Auch in Charkiw hätten russische Angriffe die Strom- und Wasserversorgung ausgeschaltet, meldete Bürgermeister Ihor Terechow.
Angaben zu Kriegsverlauf, Beschuss und Opfern durch offizielle Stellen der russischen und der ukrainischen Konfliktparteien können in der aktuellen Lage nicht unmittelbar von unabhängiger Stelle überprüft werden.
Regierung: Acht Regionen getroffen
Nach Regierungsangaben sind in Kiew und insgesamt acht Regionen des Landes elf wichtige Infrastruktureinrichtungen getroffen worden. "Einige Gebiete sind nun von der Außenwelt abgeschnitten. Man muss sich auf zeitweilige Unterbrechungen von Licht, Wasserversorgung und Kommunikation einstellen", teilte Ministerpräsident Denys Schmyhal mit. Insgesamt habe Russland 75 Raketen abgefeuert, von denen die ukrainische Flugabwehr 41 abgeschossen habe, teilte der Selenskyj-Berater Mychajlo Podoljak mit.

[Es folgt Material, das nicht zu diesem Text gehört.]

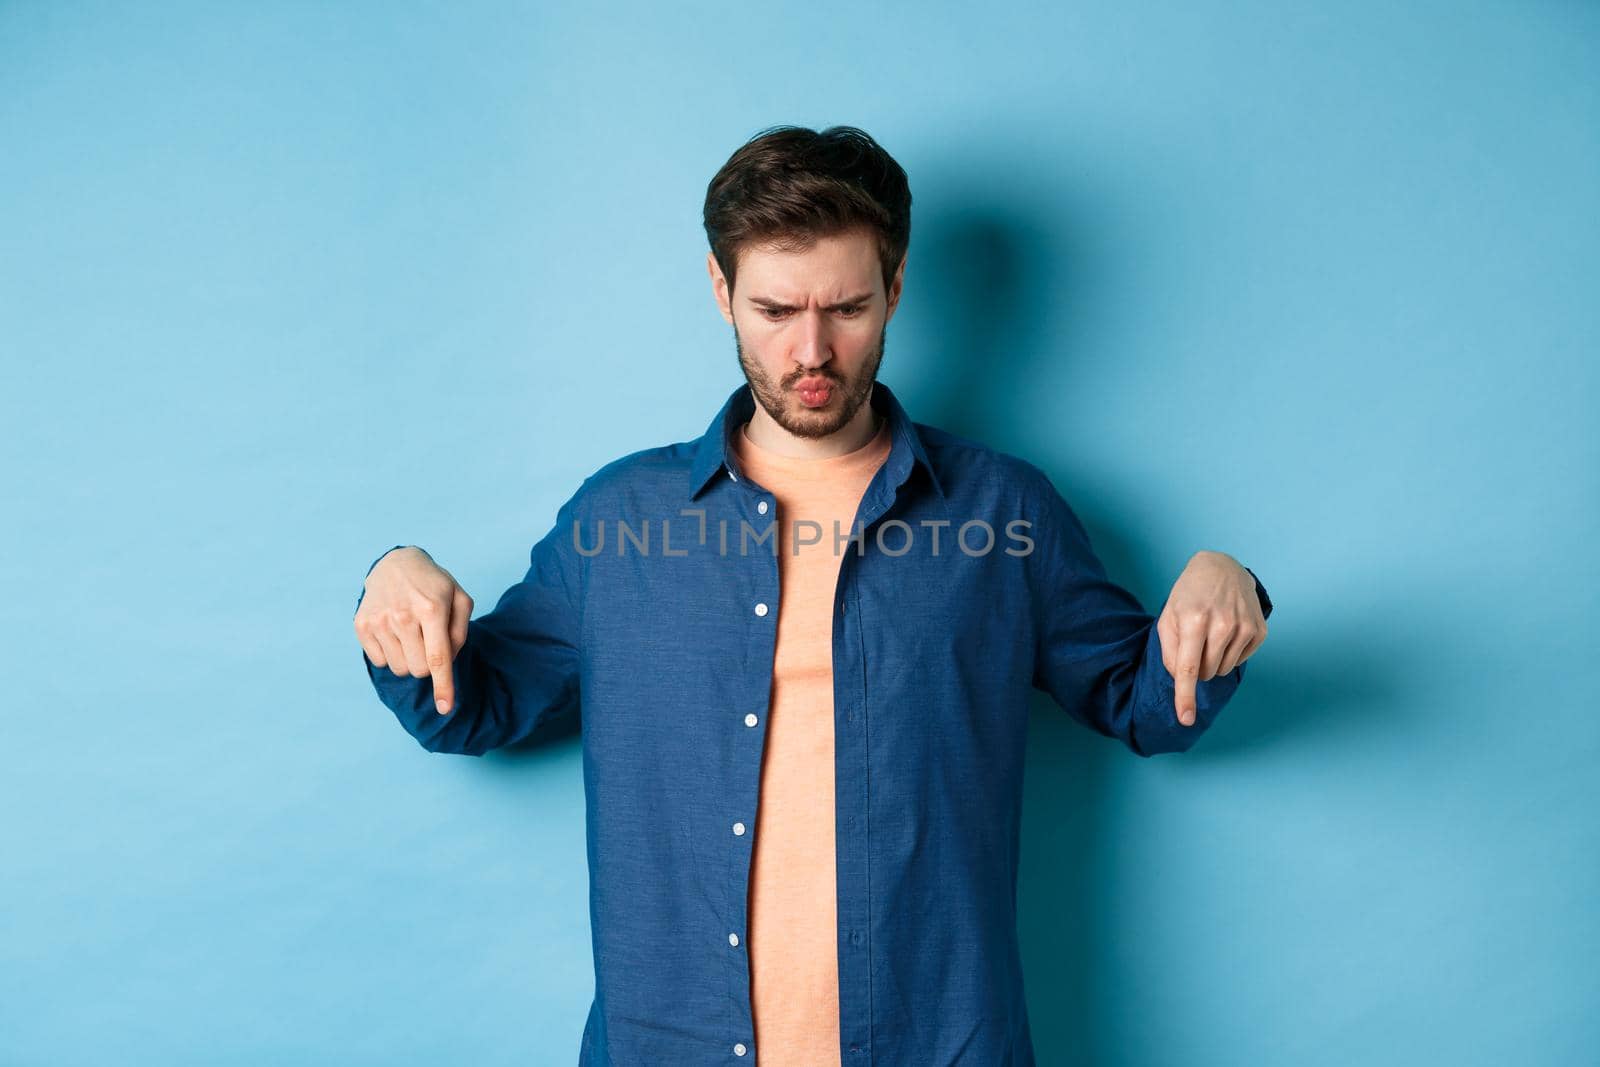 Confused and shocked guy looking and pointing down at something strange, standing on blue background. Copy space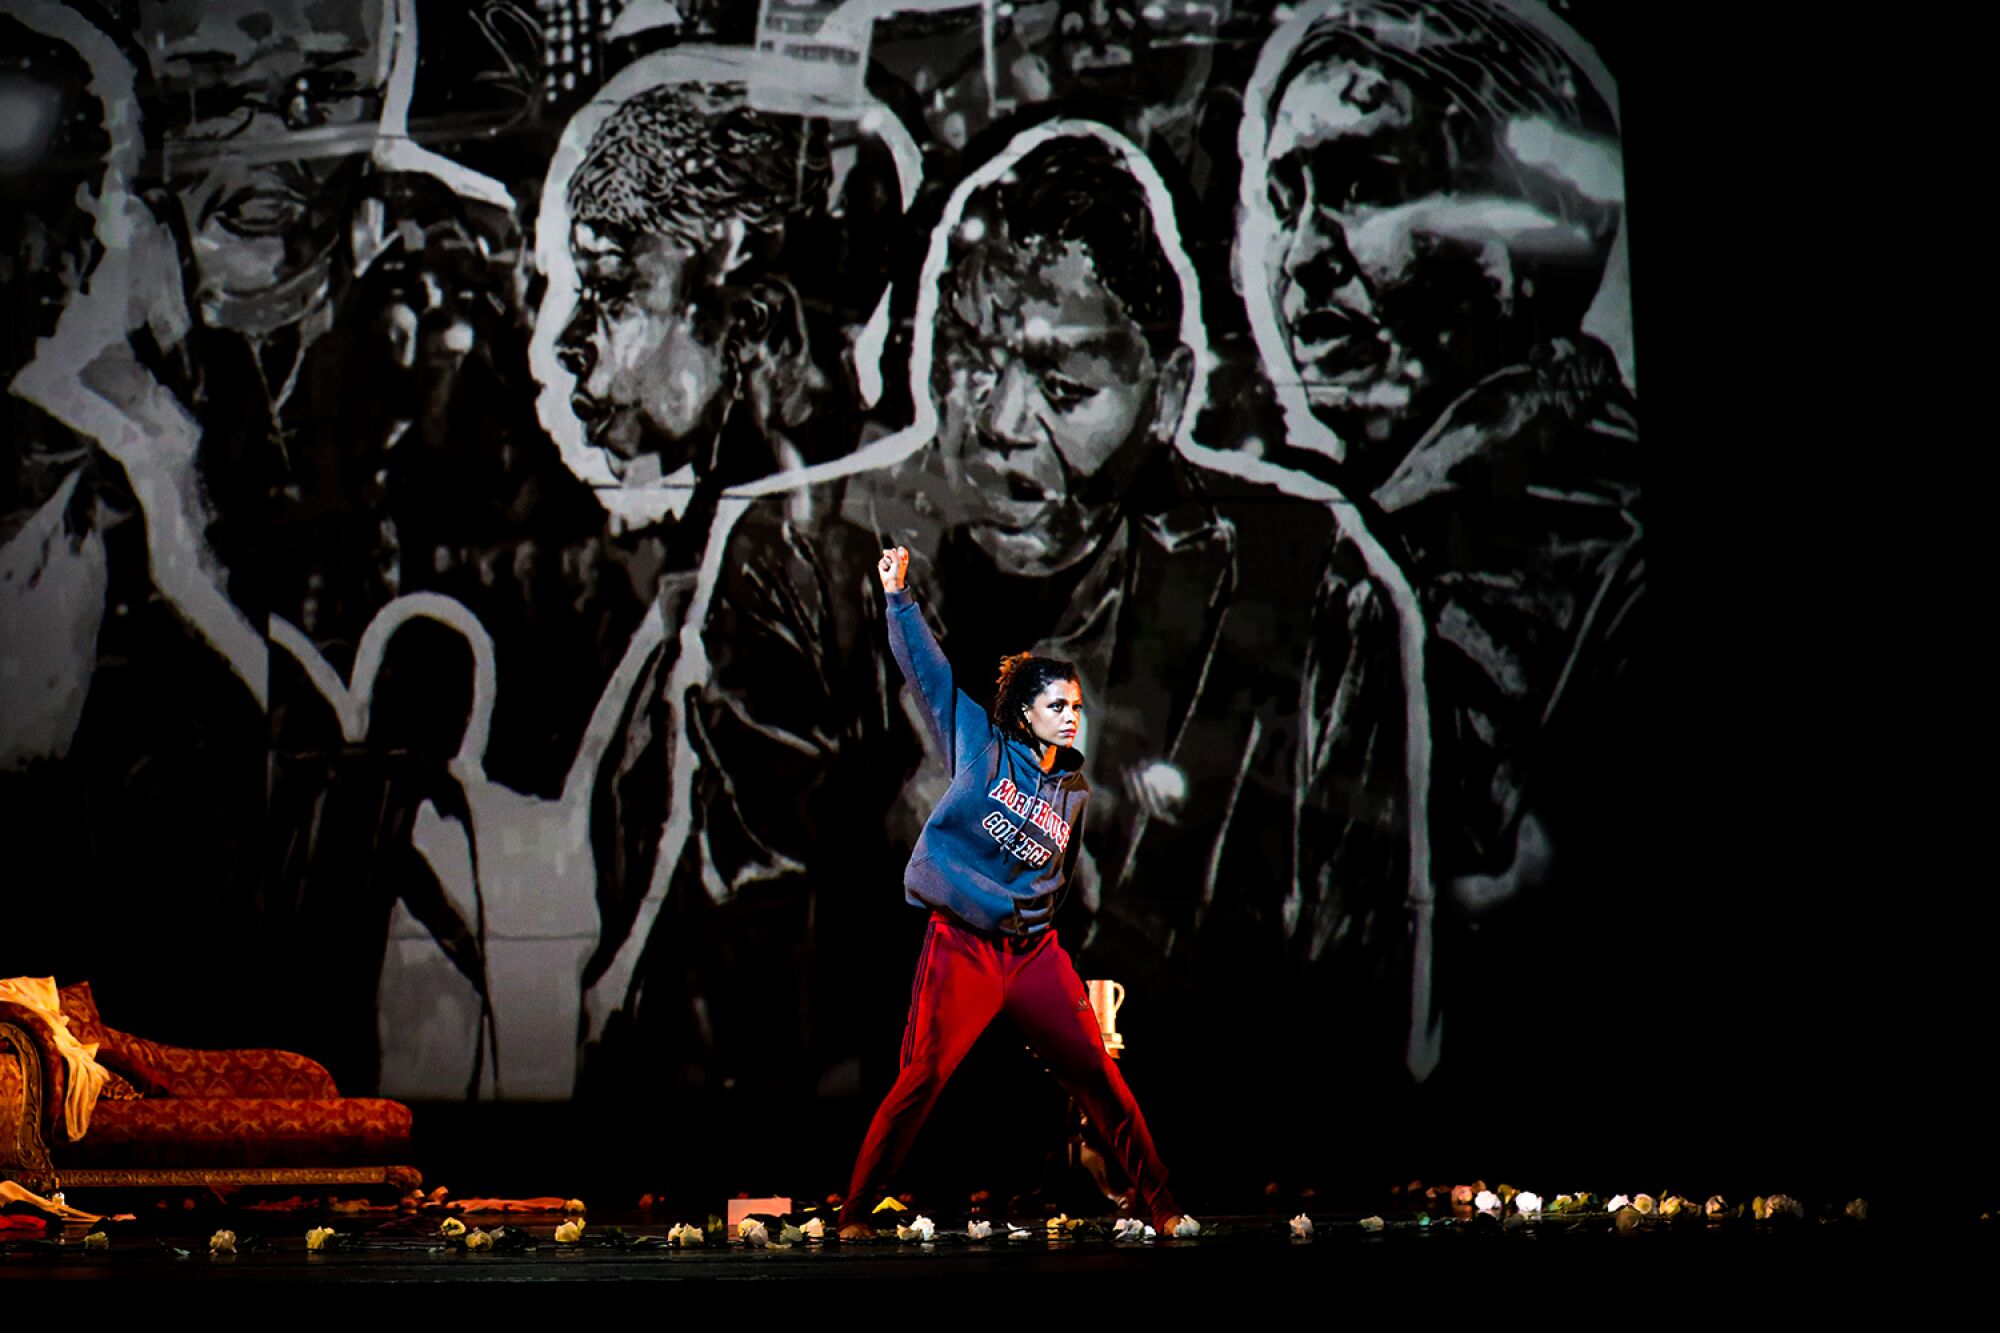 Dancer Fana Tesfagiorgis in “A Mother’s Rite,” with portraits in the background by visual artist Sophia Dawson.

Weiß schraffiert: Vormarsch der russischen Armee. Grün schraffiert: von Russland unterstützte Separatistengebiete. Krim: von Russland annektiert.
"Ein massiver Raketenangriff auf das Gebiet, es gibt Tote und Verletzte", teilte der Militärgouverneur der Region Dnipropetrowsk um die Industriestadt Dnipro, Walentyn Resnitschenko, auf seinem Telegram-Kanal mit. Getroffen wurden Berichten zufolge auch die Städte Nikopol und Marhanez, die dem Atomkraftwerk Saporischschja gegenüber am anderen Ufer des Flusses Dnipro liegen. In der Großstadt Saporischschja war nach den nächtlichen Raketenangriffen ebenfalls Luftalarm.
Vier Tote gab es Behördenangaben zufolge durch einen Raketenangriff in der ostukrainischen Großstadt Slawjansk im Gebiet Donezk. Der Einschlag sei im Stadtzentrum erfolgt, teilte Bürgermeister Wadym Ljach mit.
Putin rechtfertigt Angriffe mit "Terror"
Der russische Präsident Wladimir Putin bezeichnete die Raketenangriffe als Reaktion auf "terroristische Aktionen". Dazu gehöre auch der Angriff auf die Krim-Brücke vom Samstag, sagte Putin. Das russische Militär habe Präzisionswaffen aus der Luft, vom Wasser und vom Boden aus auf wichtige Kommandoeinrichtungen der ukrainischen Streitkräfte und auf die Energieinfrastruktur abgefeuert.
Sollte die Ukraine weitere "Terroranschläge" verüben, werde Moskaus Reaktion "hart und angemessen" sein, sagte Putin. Am Samstag war die Kertsch-Brücke zur von Russland annektierten Halbinsel Krim durch eine Bombenexplosion schwer beschädigt worden.
G7-Sondertreffen am Dienstag
Wegen der Angriffe wollen die sieben führenden Industrienationen bereits am Dienstag zu einem Sondergipfel zusammenkommen. Darauf hätten sich Selenskyj und Bundeskanzler Olaf Scholz in einem Telefonat geeinigt, teilten Selenskyj und ein Sprecher der deutschen Regierung mit.